Primary testing endpoint

Our primary diagnostic endpoint was balanced classification accuracy (sensitivity+specificity2) for diffuse glioma IDH mutational status. The control arm was conventional first-line laboratory molecular screening testing and the experimental arm was DeepGlioma predictions. IDH-1 immunohistochemistry (IHC) for somatic mutations at residue R132H is the most common first-line molecular diagnostic screening test. Dewitt et al. performed the largest and most clinically representative analysis of IDH mutation detection via IHC and sequencing methods, and determining that IDH1-R132H IHC has balanced diagnostic accuracy of 91.4% for adult-type diffuse gliomas (see Fig. 2c for contingency tables) [33]. We used this value to set the expected accuracy for both the control and experimental arms, the equivalence limit was set to 10%, power to 90%, and alpha to 0.05%, resulting in sample size value of 135 patients.
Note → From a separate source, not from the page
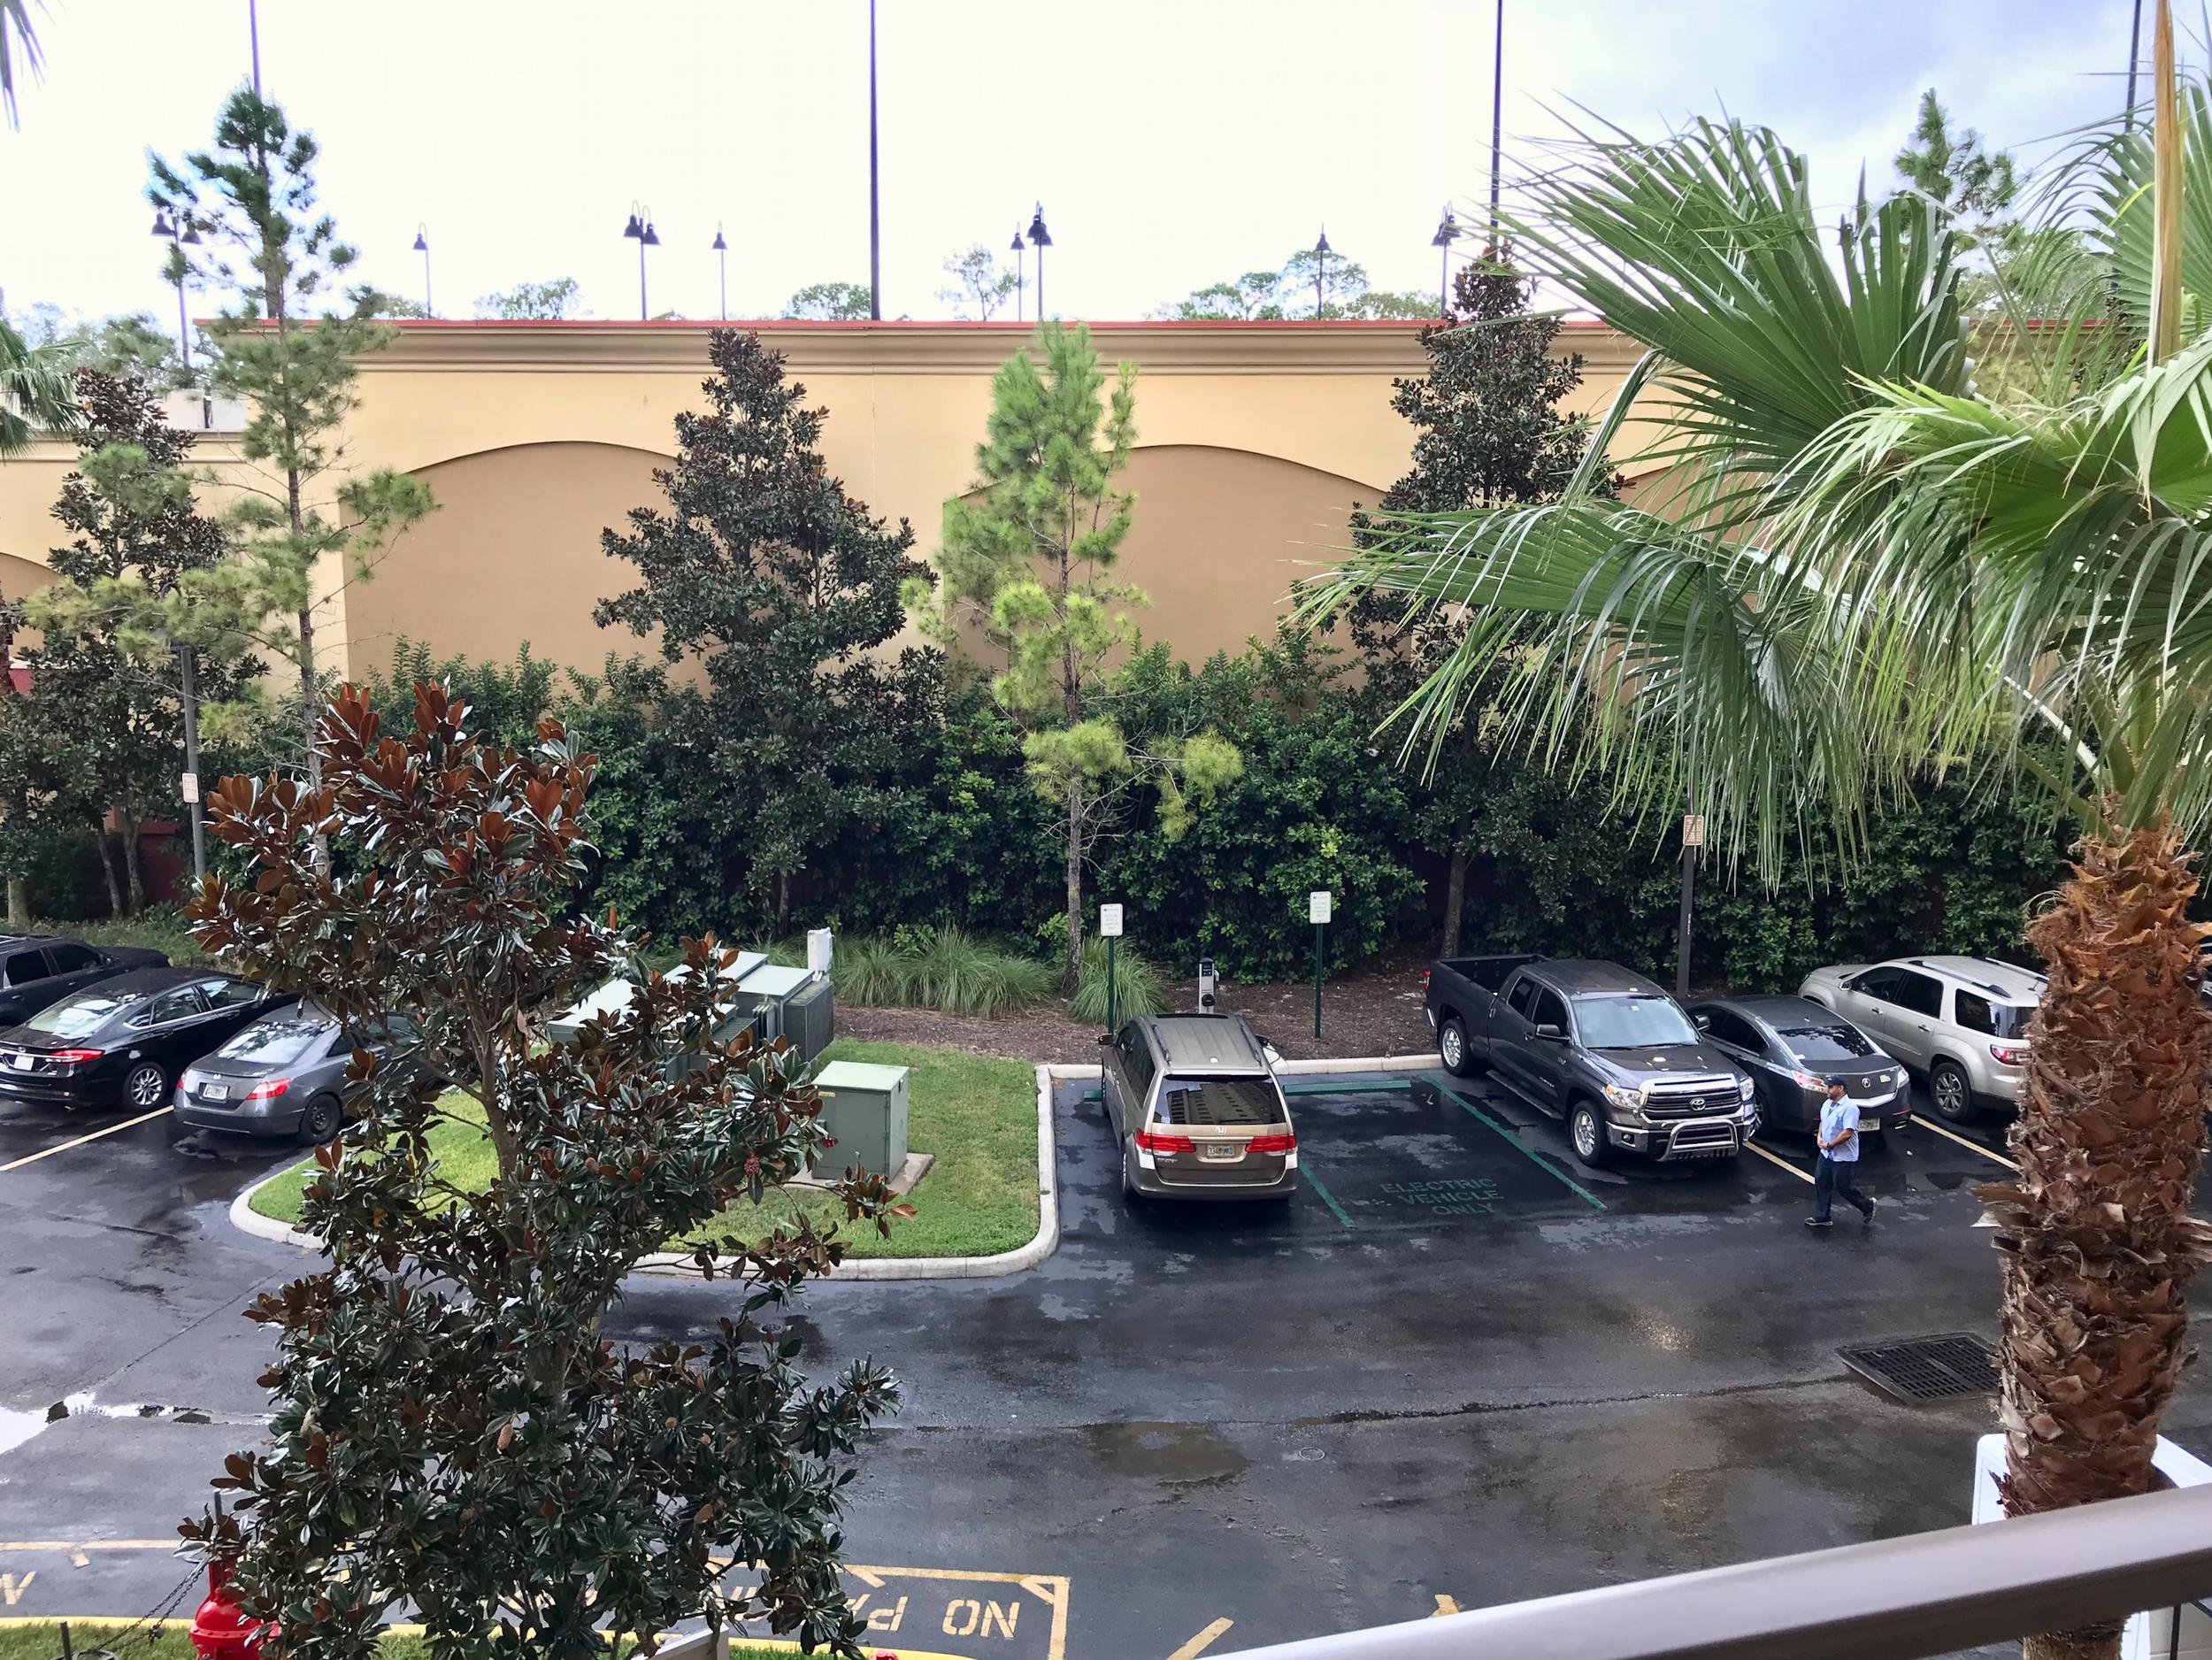 Condo balcony view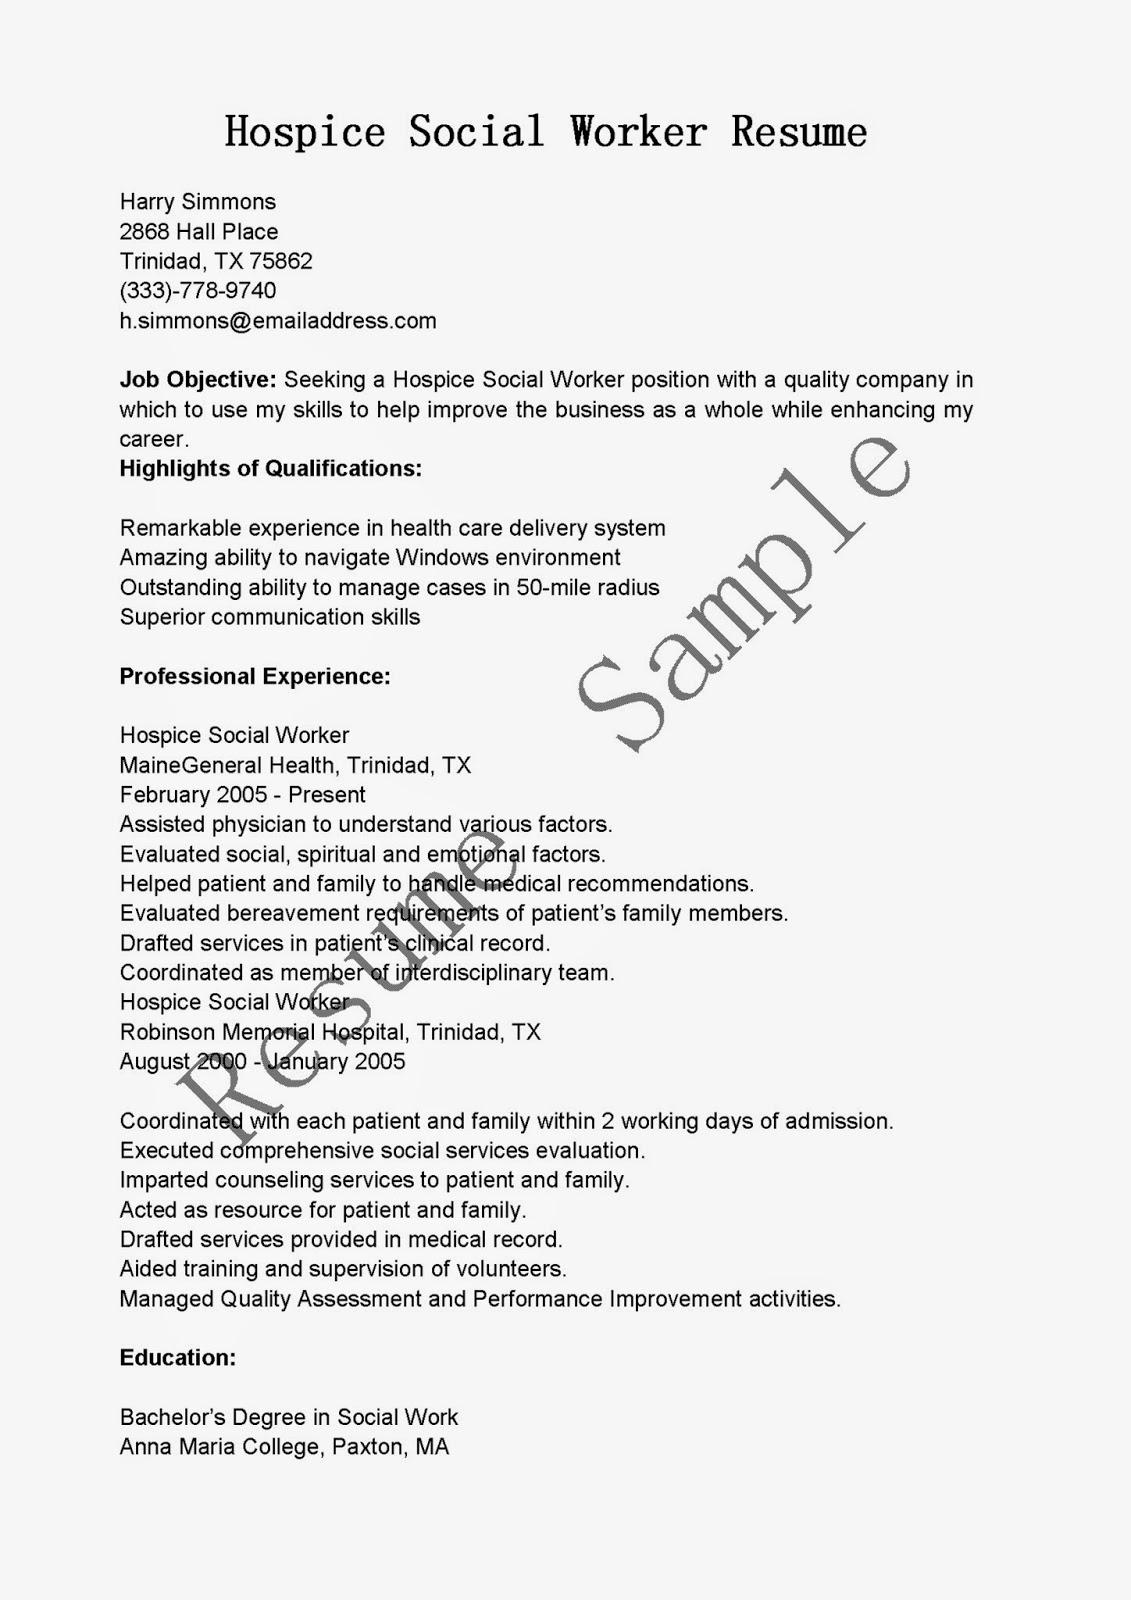 School Administrator Resume Vosvetenet – Sample Resume for School Administrator

All sample size calculations were performed using the epiR package (version 2.0.46) in R (version 3.6.3).

Secondary testing endpoint

Our secondary endpoint was to achieve improved classification performance compared to our previous methods for training deep computer vision models on SRH images for multiclass classification [7, 19]. End-to-end representation learning and classification can yield patch-based classification results that approach pathologist-level performance for histologic brain tumor classifcation. However, our early experiments on molecular classification indicated that contrastive pretraining and label embedding was advantageous for multilabel classification. Therefore, as a secondary endpoint, the control arm was established by training a ResNet50 model to classify the three mutually exclusive molecular subgroups using a conventional categorical cross-entropy loss function. This is equivalent to our previous model training method with the exception of different labels [7, 19]. Our experimental arm was DeepGlioma molecular subgroup predictions. Secondary endpoint metric was overall multiclass classification accuracy (Fig. 2d).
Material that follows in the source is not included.